> _Work to be completed_
The entire listing that follows must be repeated exactly, pictures excluded.

> _Supplied data_
_____

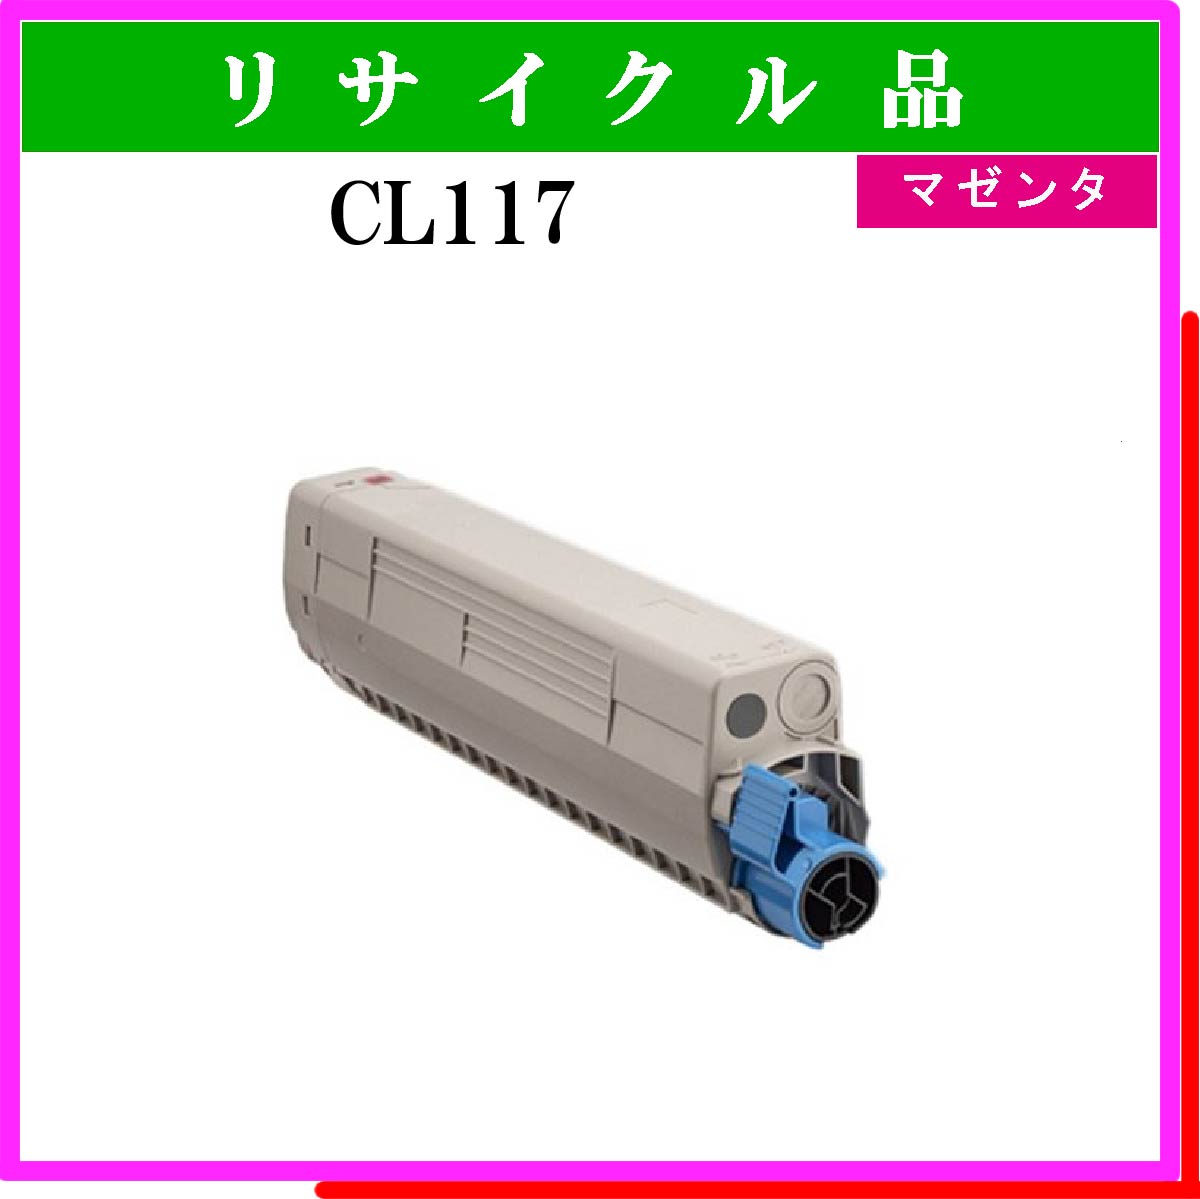 CL117 ﾏｾﾞﾝﾀ
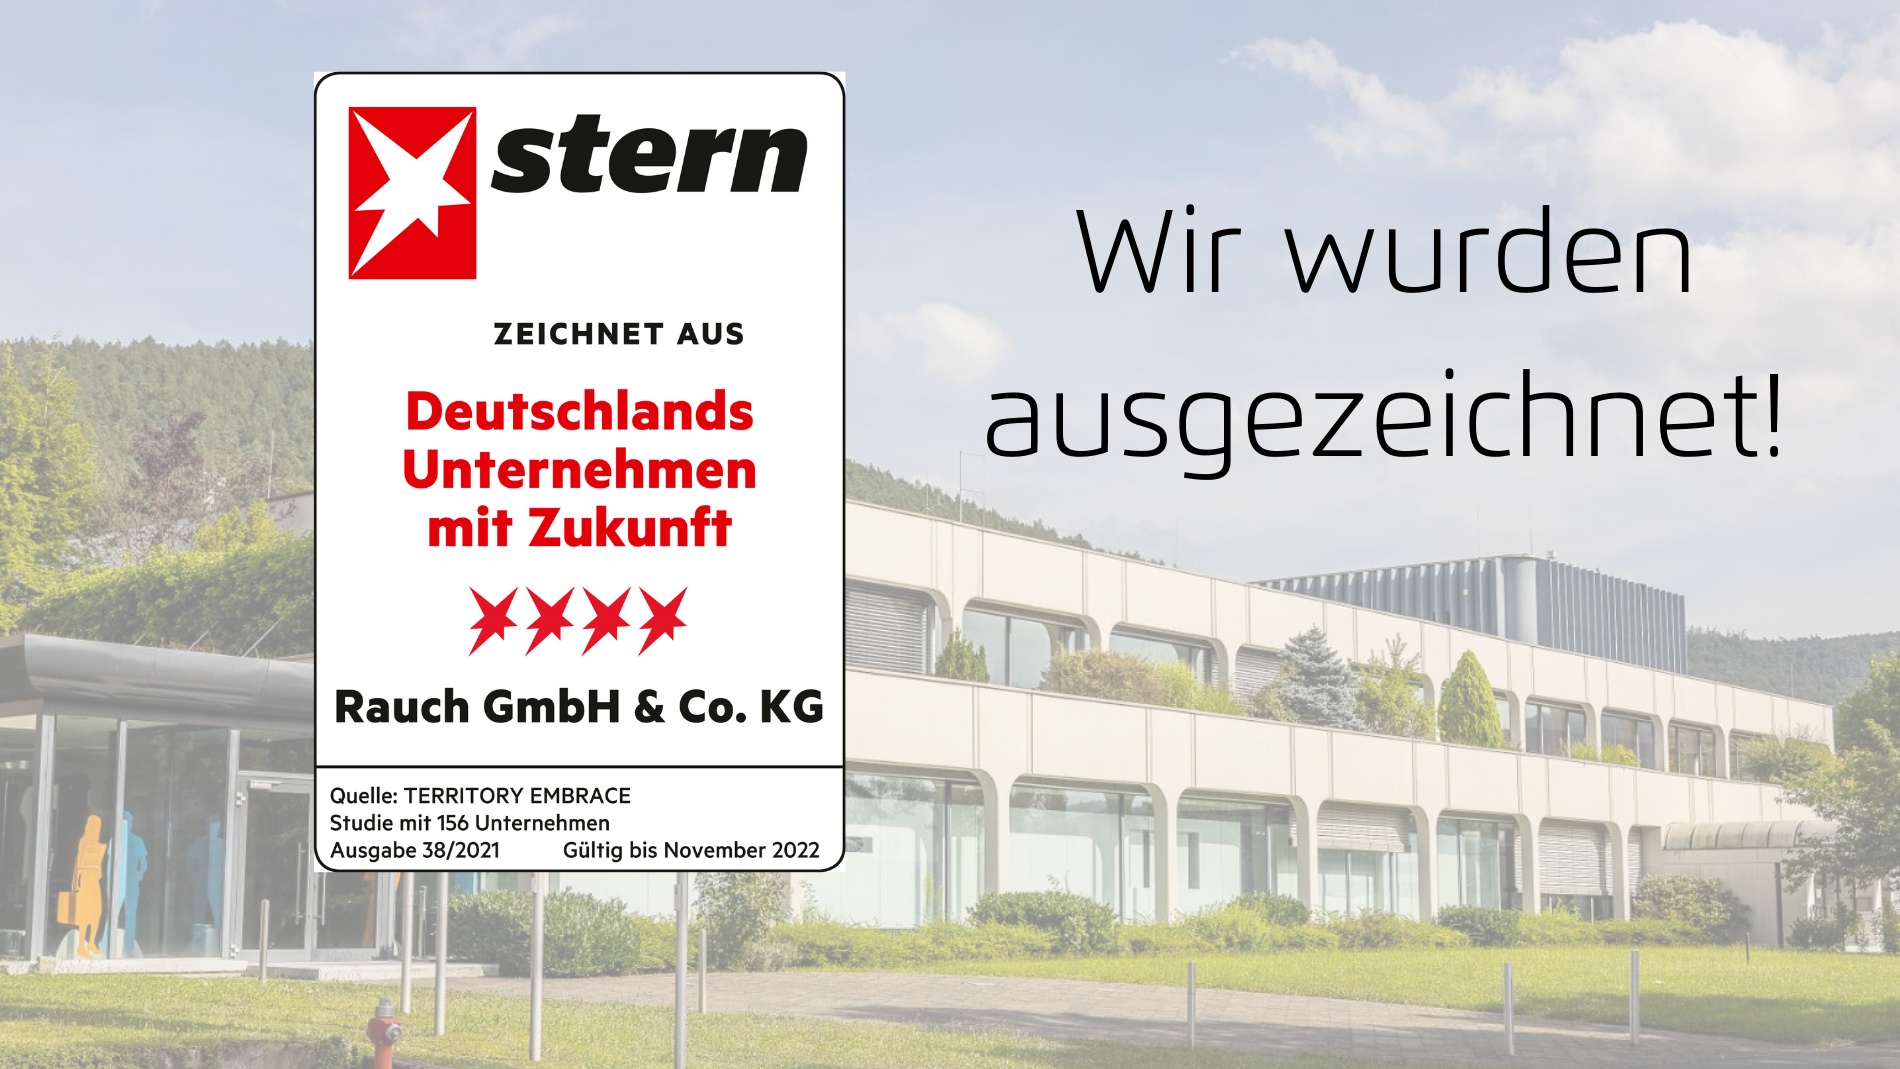 stern-Auszeichnung für "Deutschlands Unternehmen mit Zukunft."
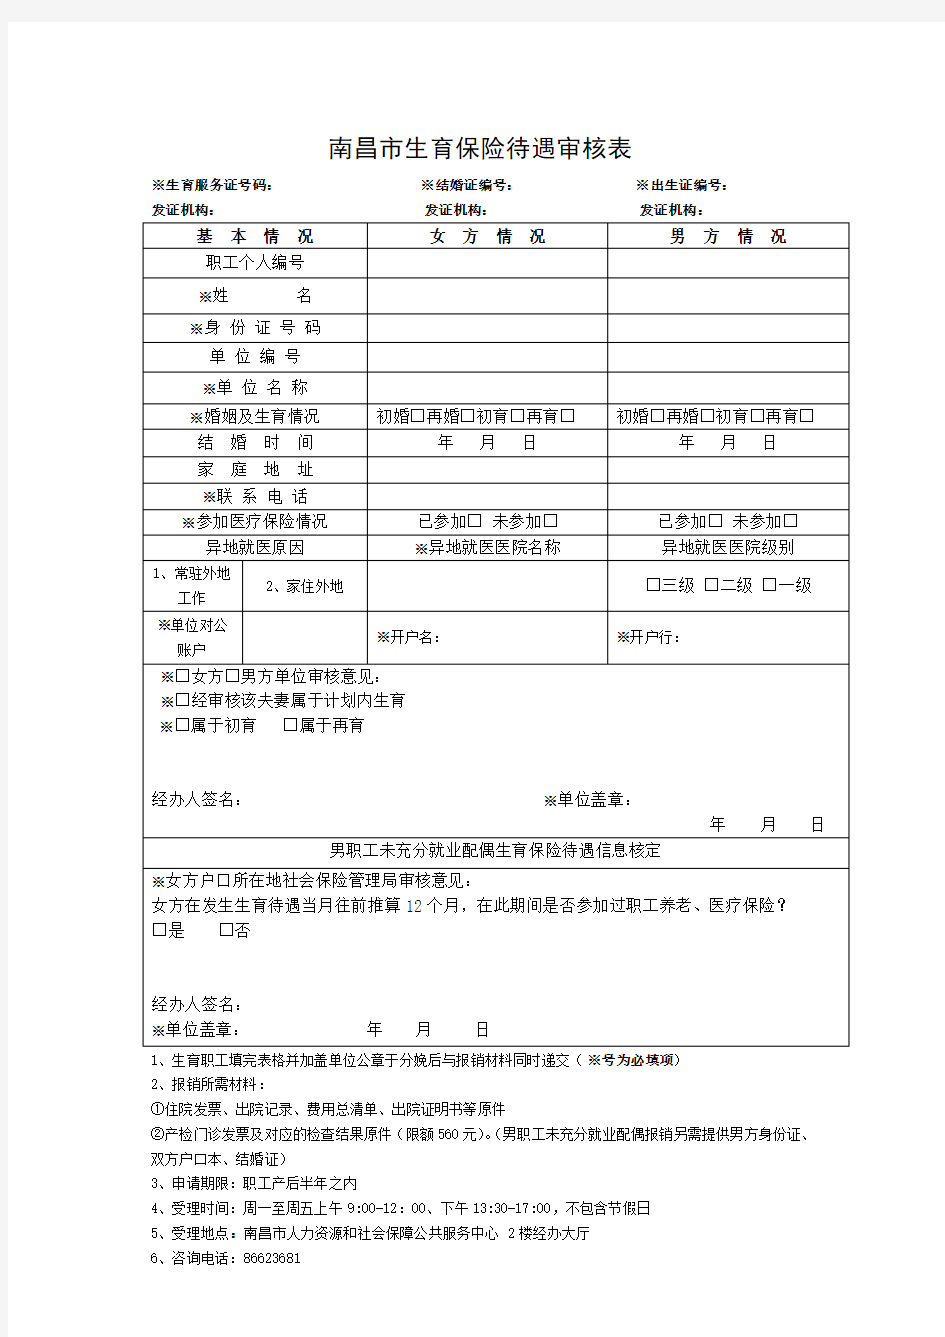 南昌市生育保险待遇审核表(三合一)及报销条件和材料

_____

> _Exercise answer_
 CL117 ﾏｾﾞﾝﾀ
 stern-Auszeichnung für "Deutschlands Unternehmen mit Zukunft."
 南昌市生育保险待遇审核表(三合一)及报销条件和材料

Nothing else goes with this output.